How to complete this task: From the first line to the last, print the material exactly, skipping the pictures.

Data:
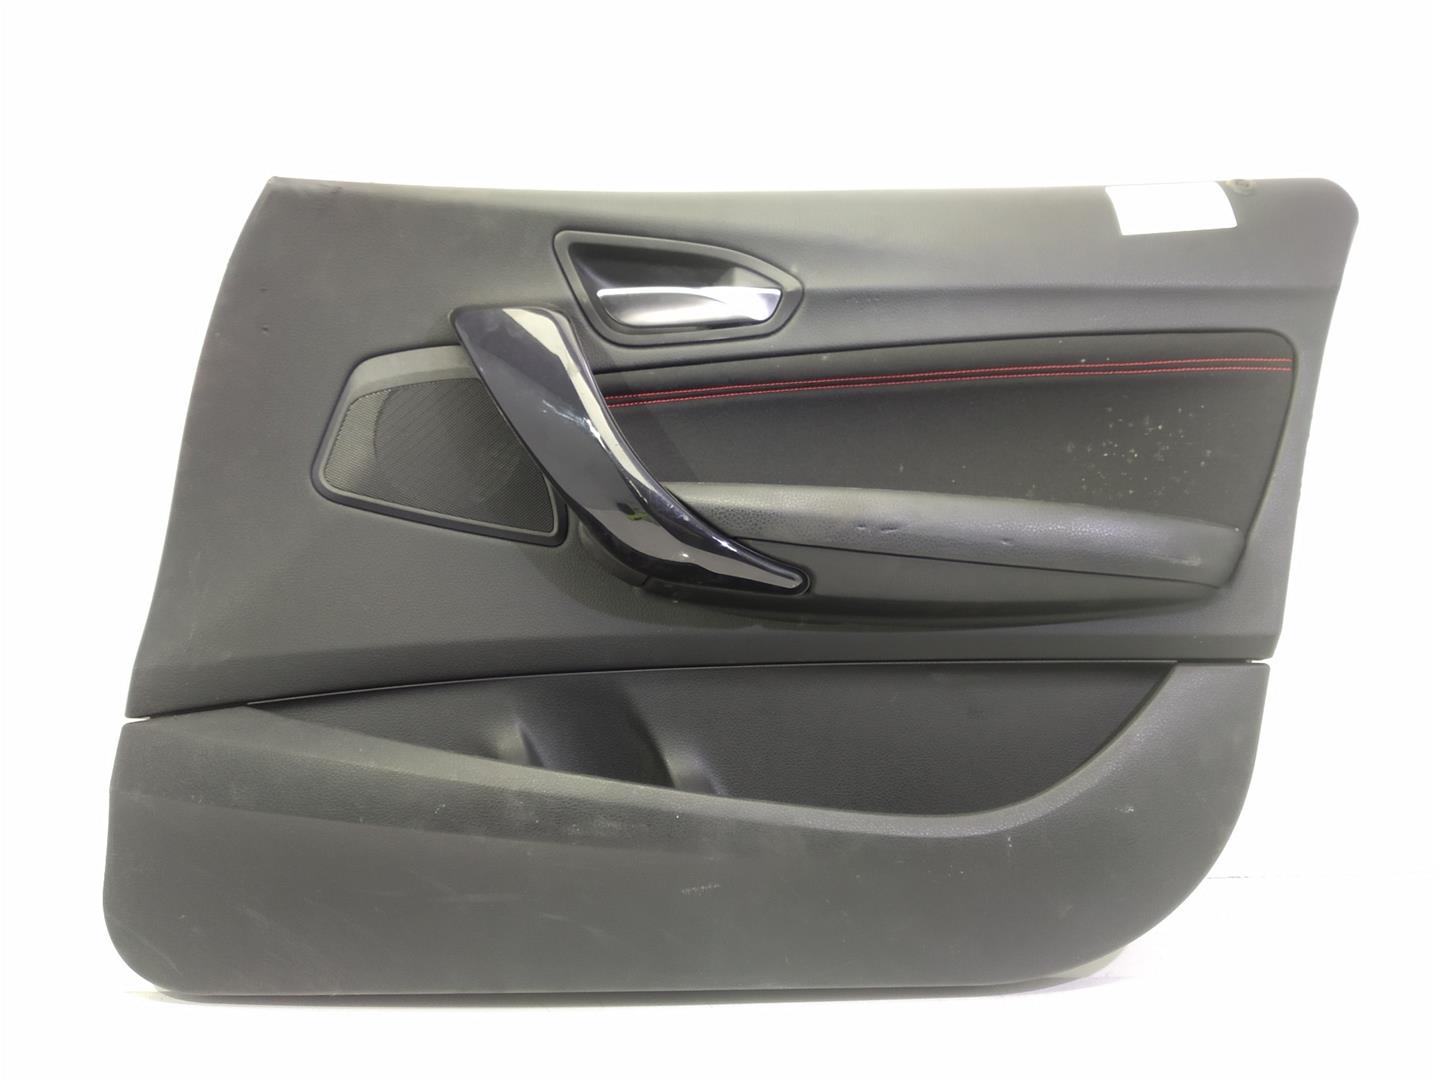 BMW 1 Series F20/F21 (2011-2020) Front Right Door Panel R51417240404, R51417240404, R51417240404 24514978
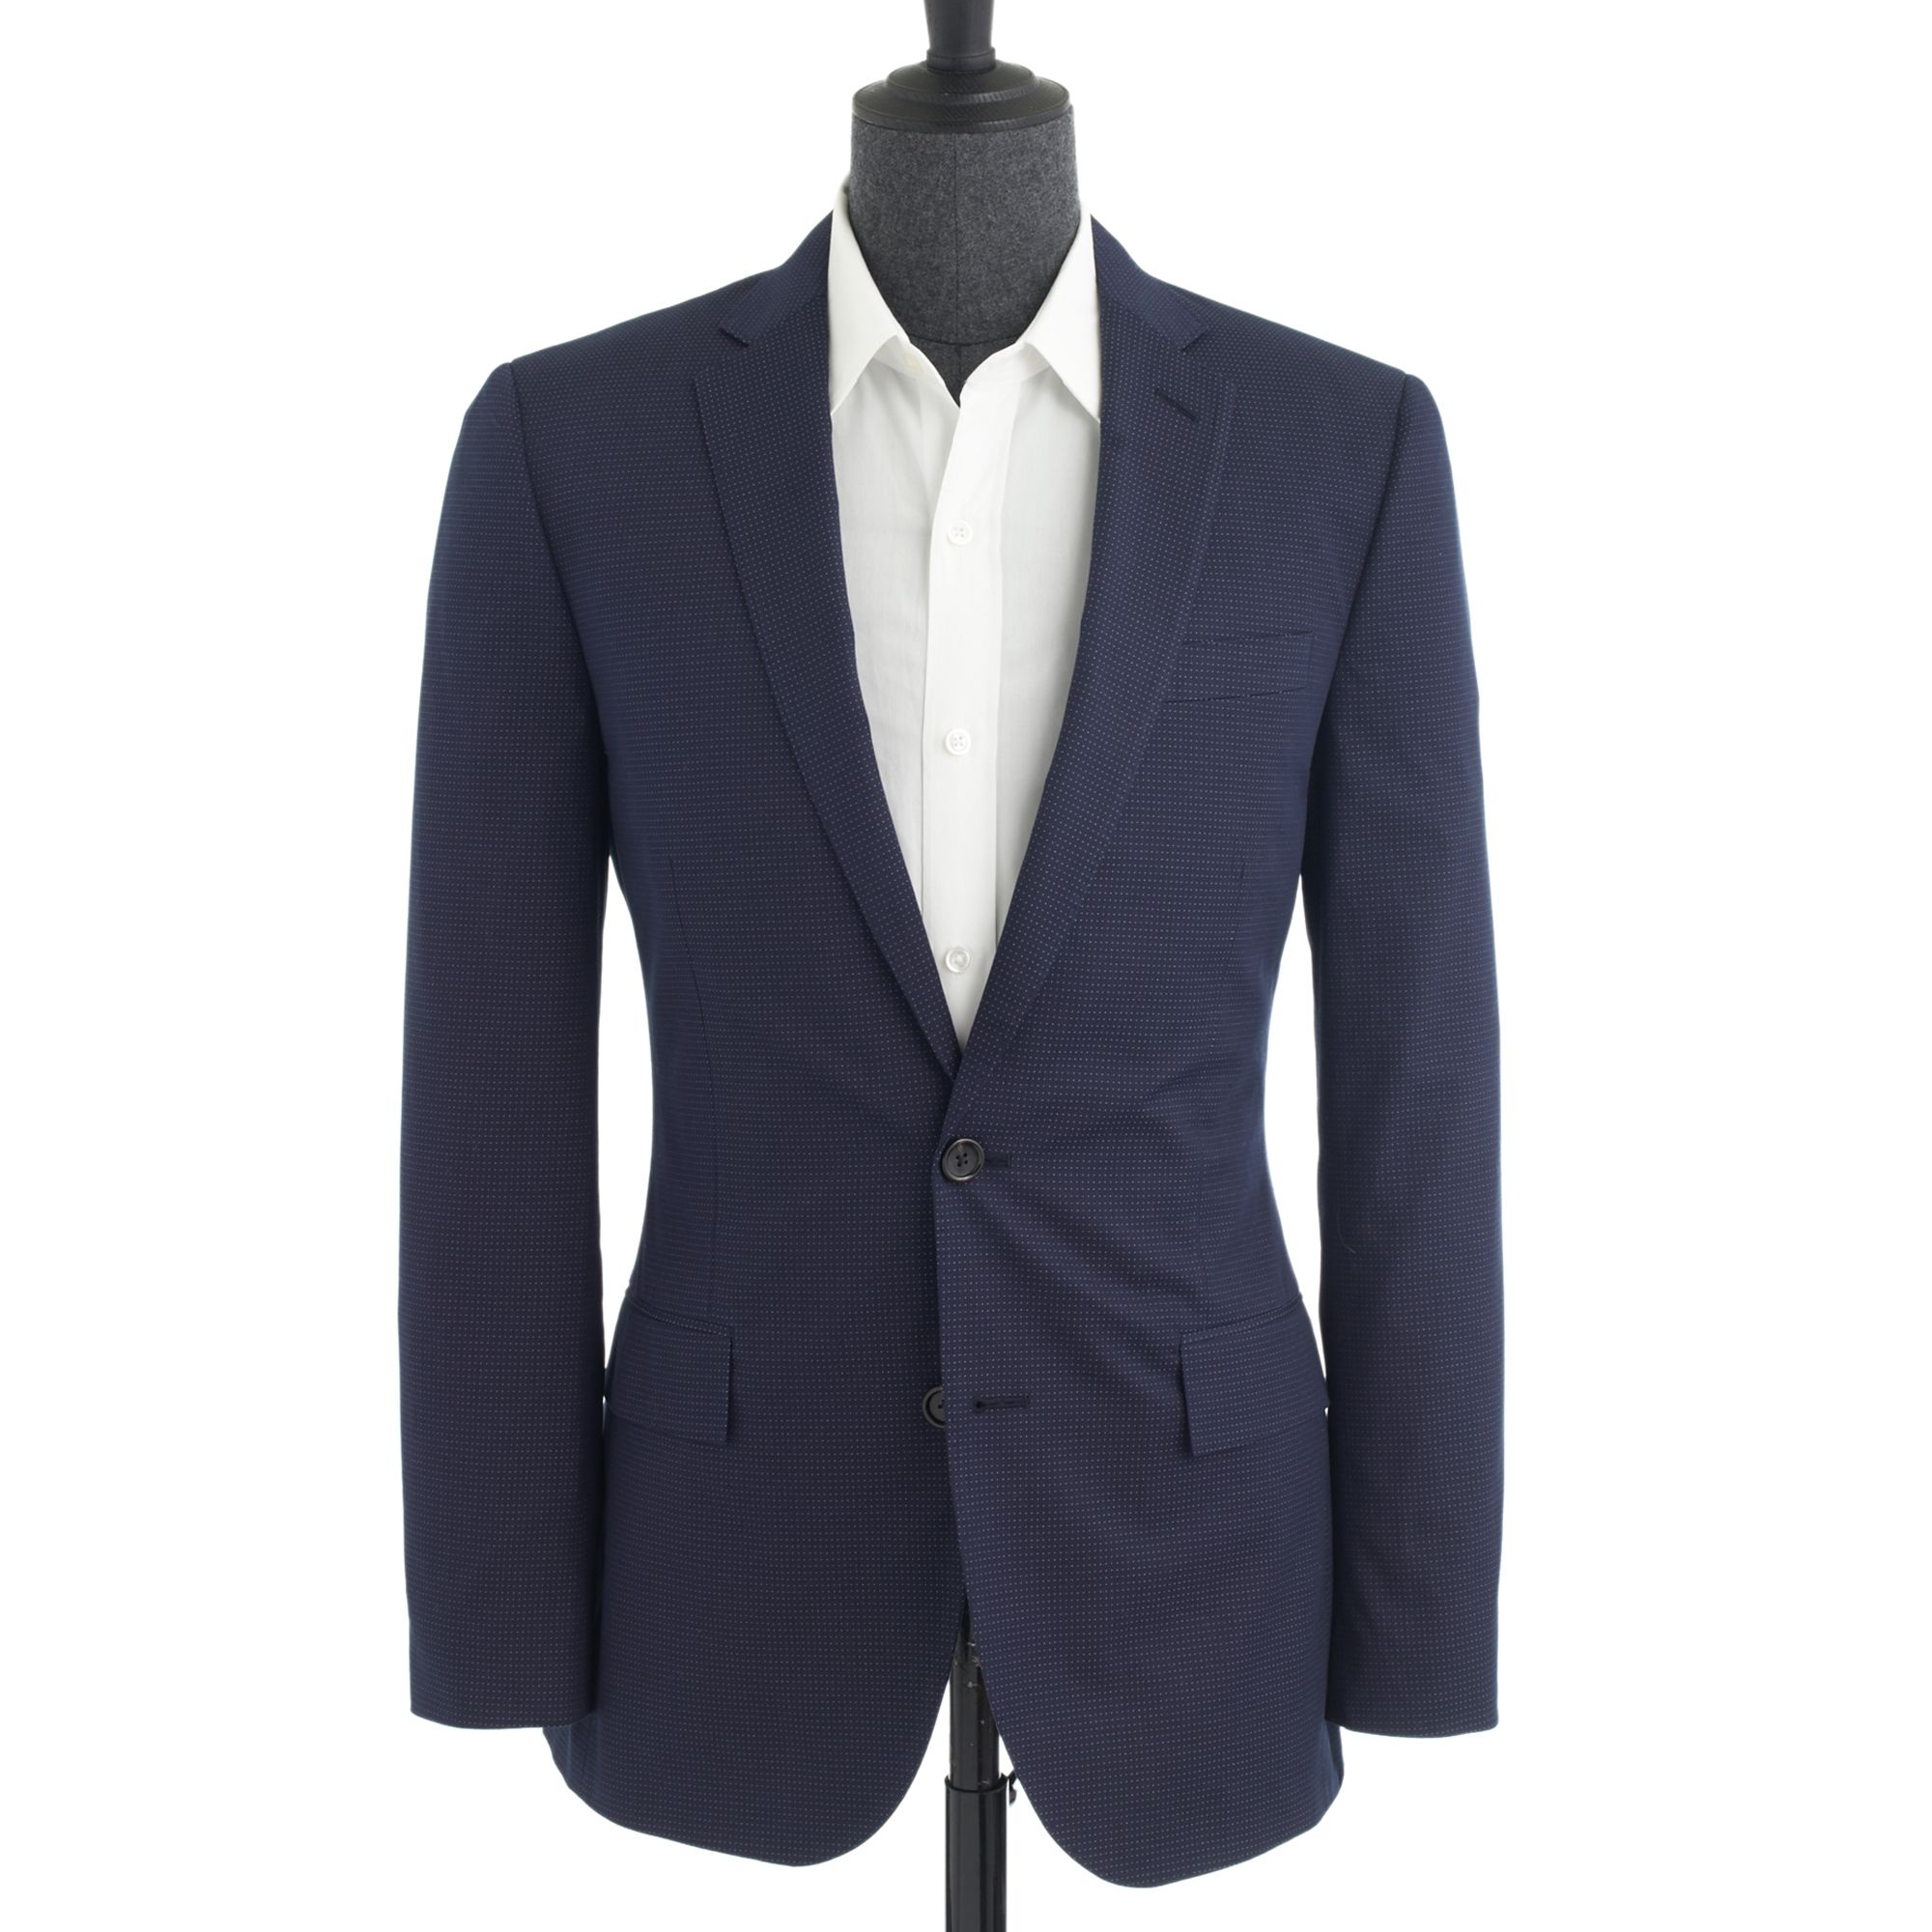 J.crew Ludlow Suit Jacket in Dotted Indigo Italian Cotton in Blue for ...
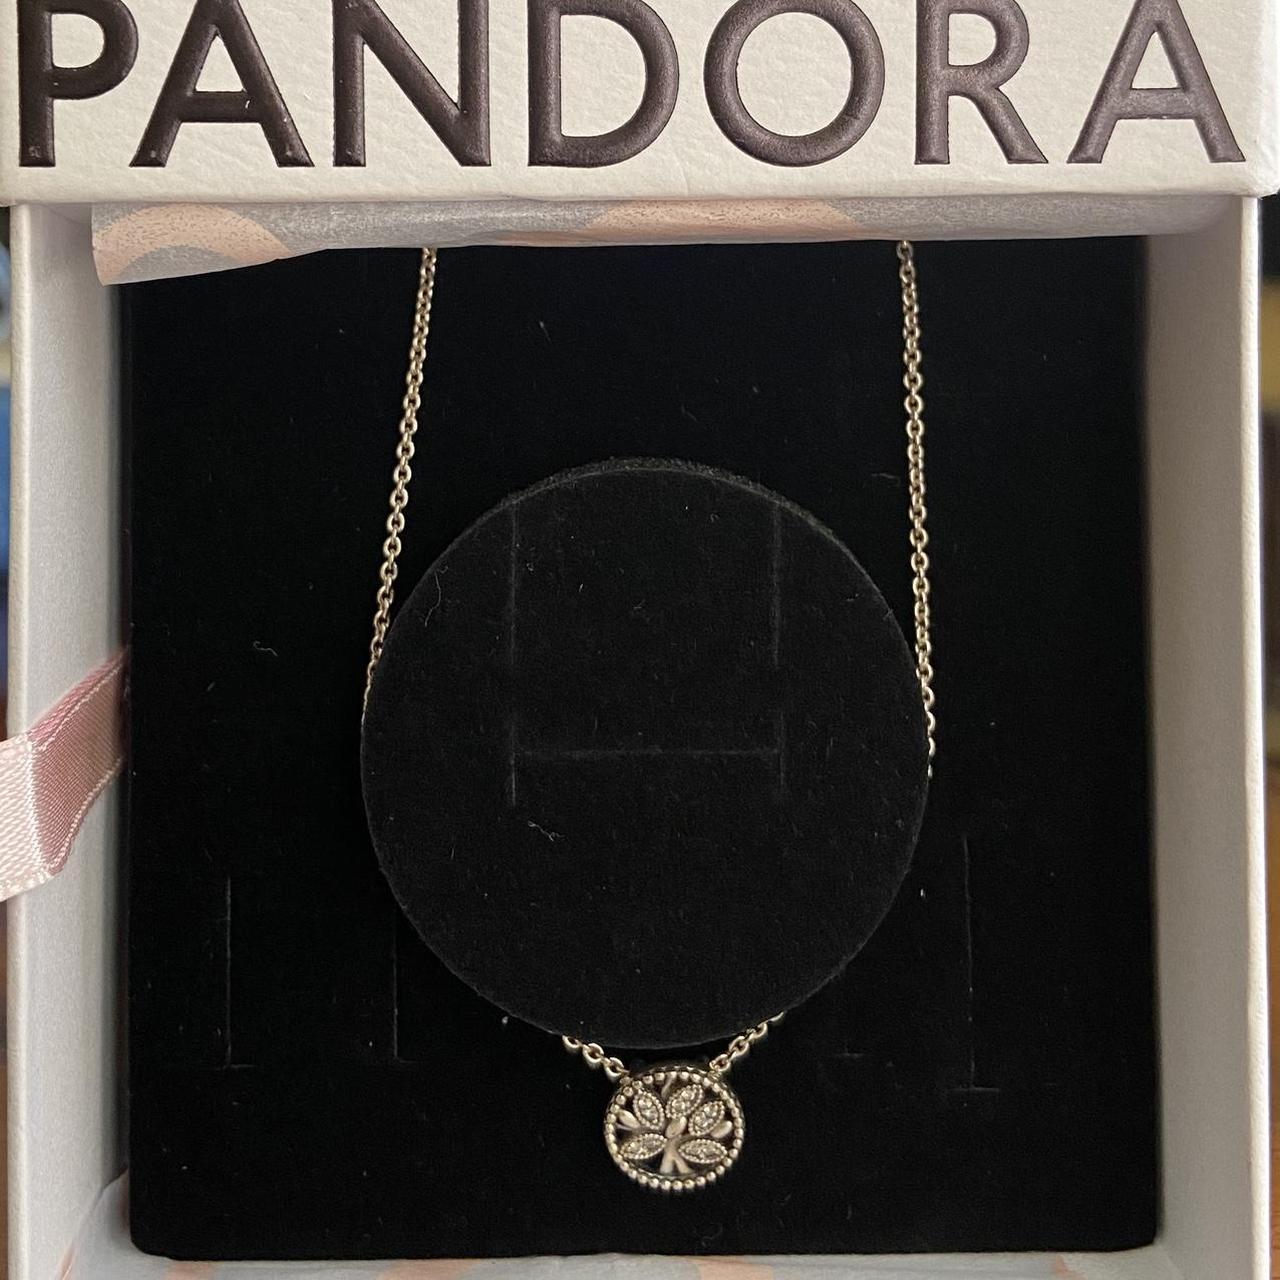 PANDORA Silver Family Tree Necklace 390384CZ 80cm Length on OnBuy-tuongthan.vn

Answer to the exercise:
 BMW 1 Series F20/F21 (2011-2020) Front Right Door Panel R51417240404, R51417240404, R51417240404 24514978
 J.crew Ludlow Suit Jacket in Dotted Indigo Italian Cotton in Blue for ...
 PANDORA Silver Family Tree Necklace 390384CZ 80cm Length on OnBuy-tuongthan.vn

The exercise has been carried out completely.